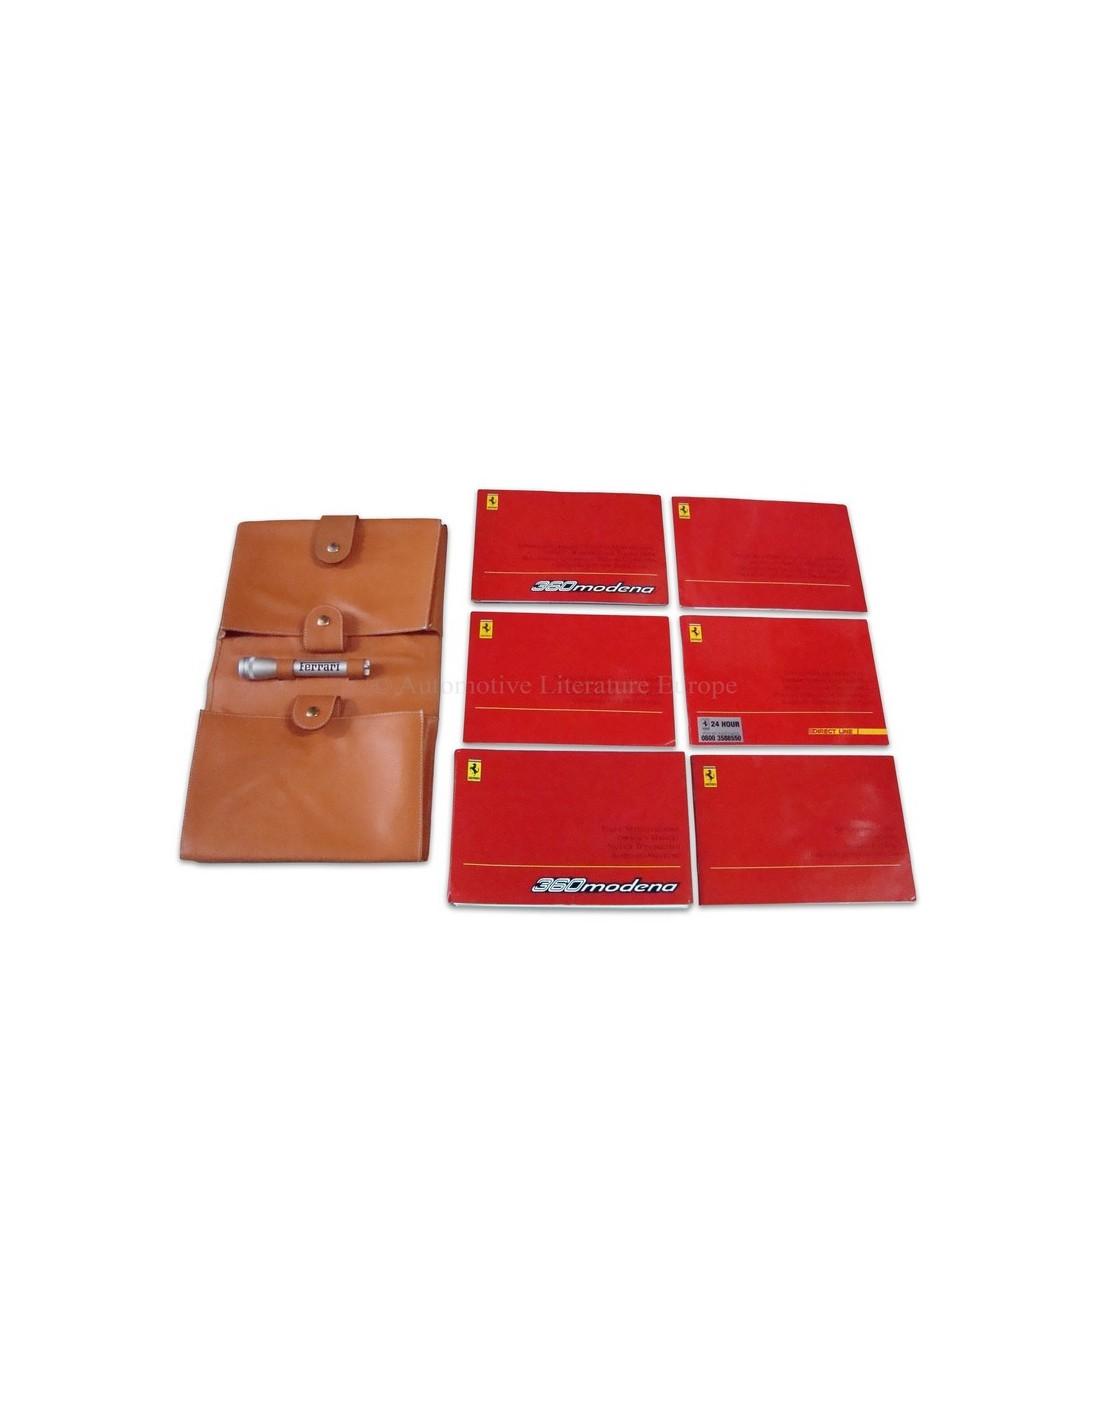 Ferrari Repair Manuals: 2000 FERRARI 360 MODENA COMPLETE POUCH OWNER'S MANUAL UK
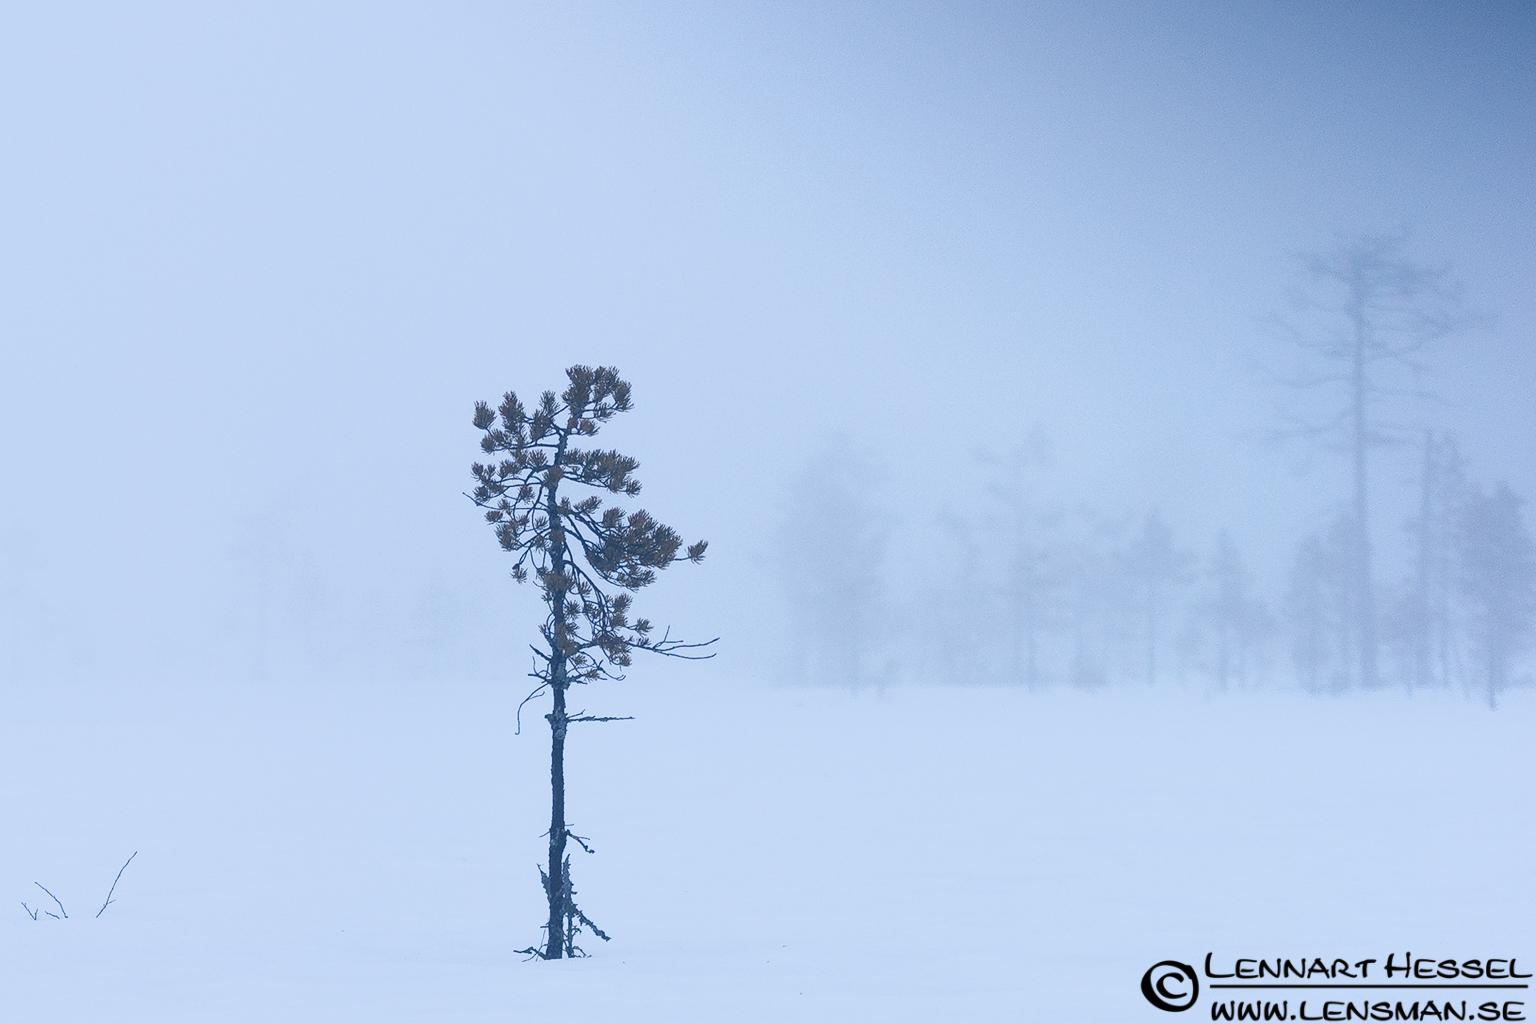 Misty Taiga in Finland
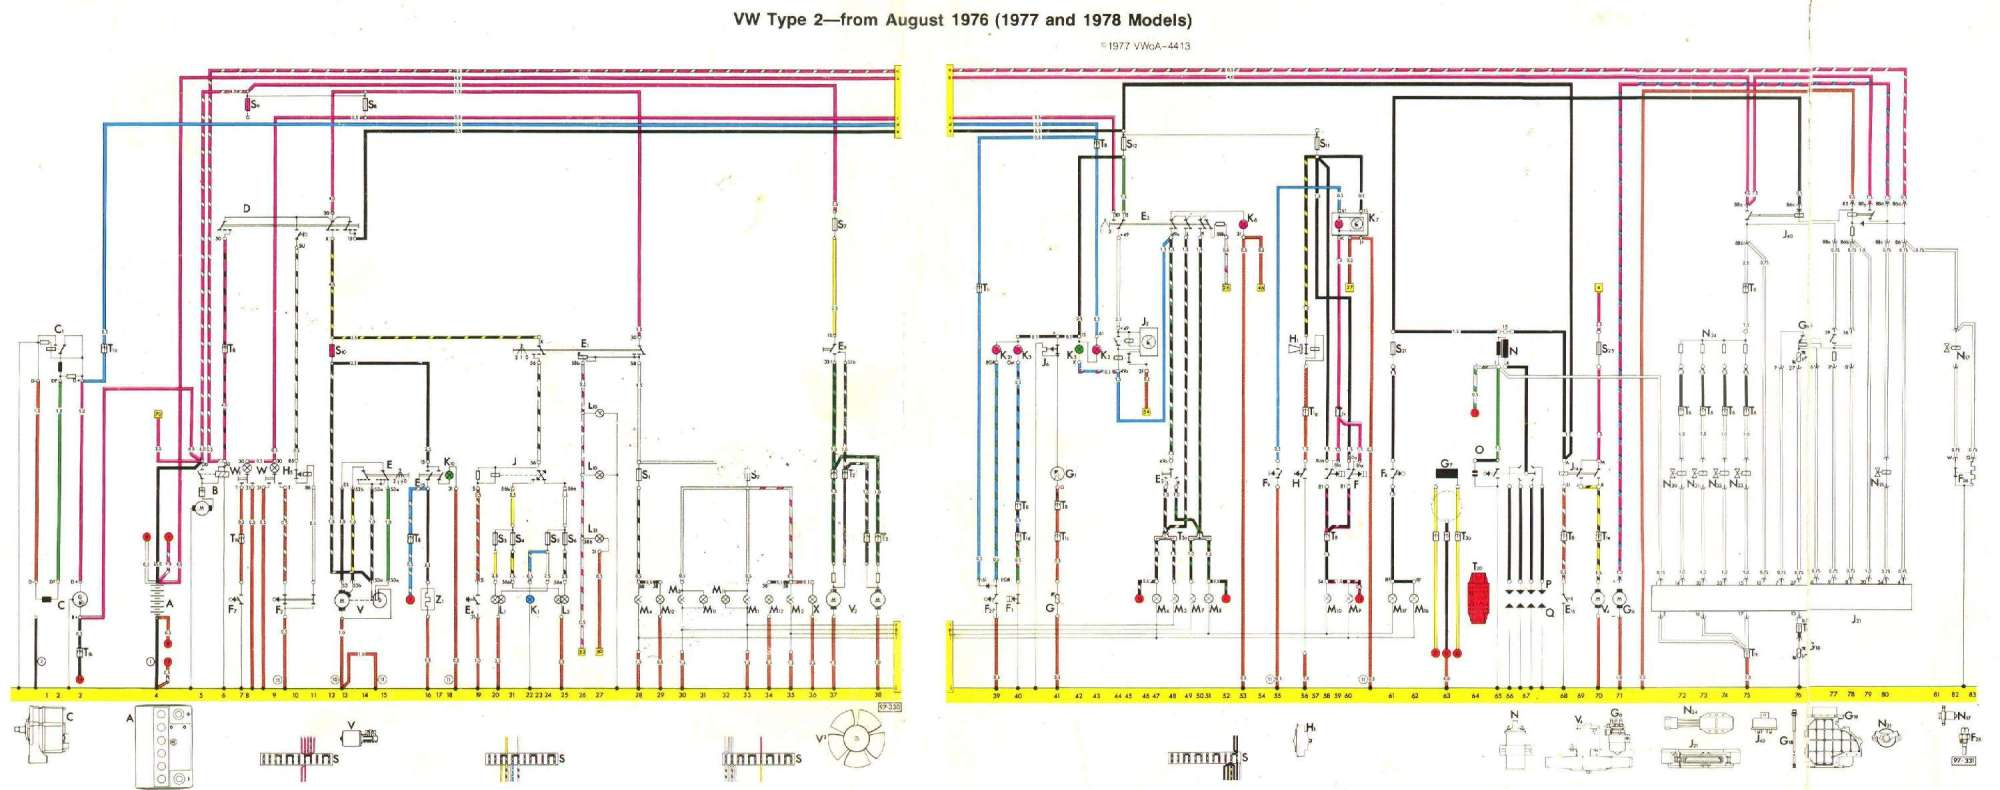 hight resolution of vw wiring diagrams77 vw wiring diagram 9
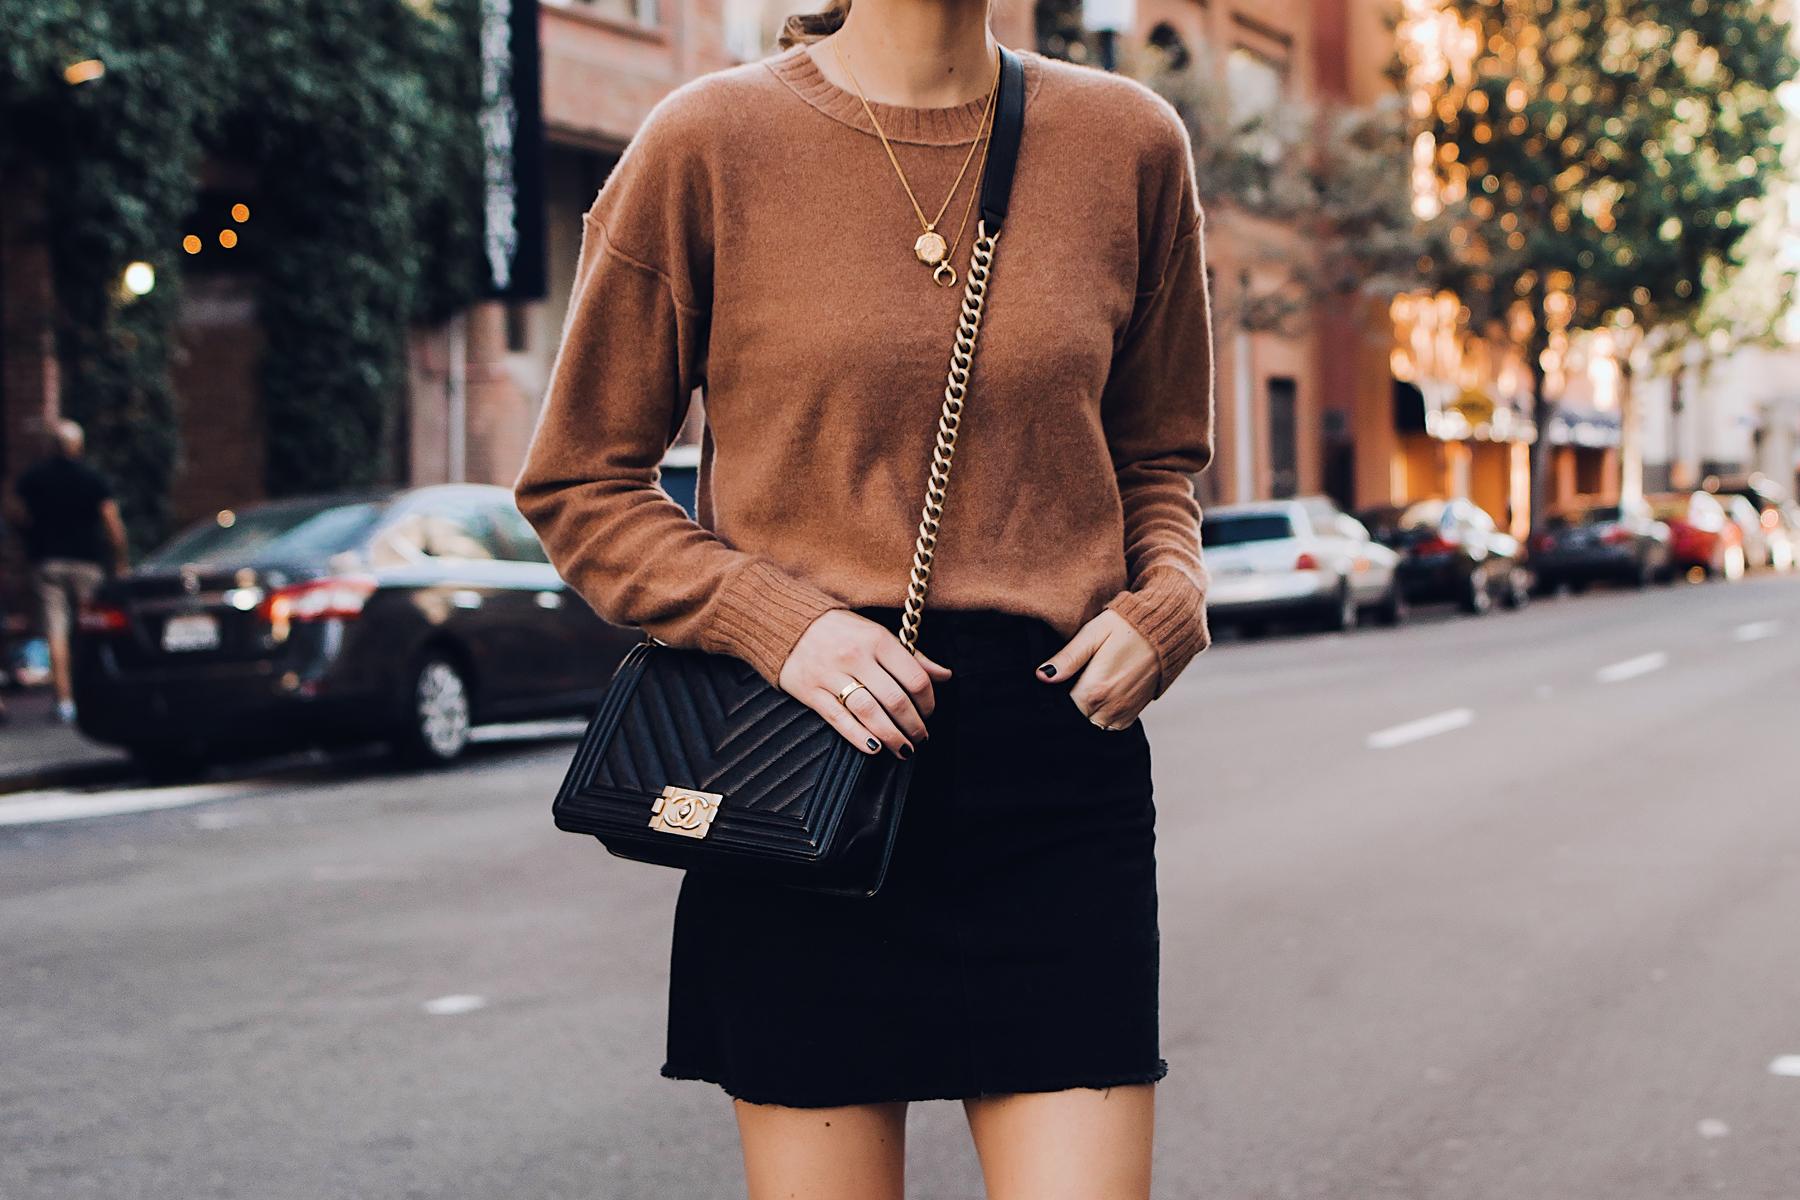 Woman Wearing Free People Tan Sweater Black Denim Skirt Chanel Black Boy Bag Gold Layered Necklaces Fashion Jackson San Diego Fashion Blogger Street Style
== == ==
Take the line containing "Misty Taiga in Finland" and all lines after it to the end of the data above, and reproduce them exactly, leaving out pictures. Nothing else belongs in the copy.

▶ _Exercise answer_:
 Misty Taiga in Finland
 hight resolution of vw wiring diagrams77 vw wiring diagram 9
 Woman Wearing Free People Tan Sweater Black Denim Skirt Chanel Black Boy Bag Gold Layered Necklaces Fashion Jackson San Diego Fashion Blogger Street Style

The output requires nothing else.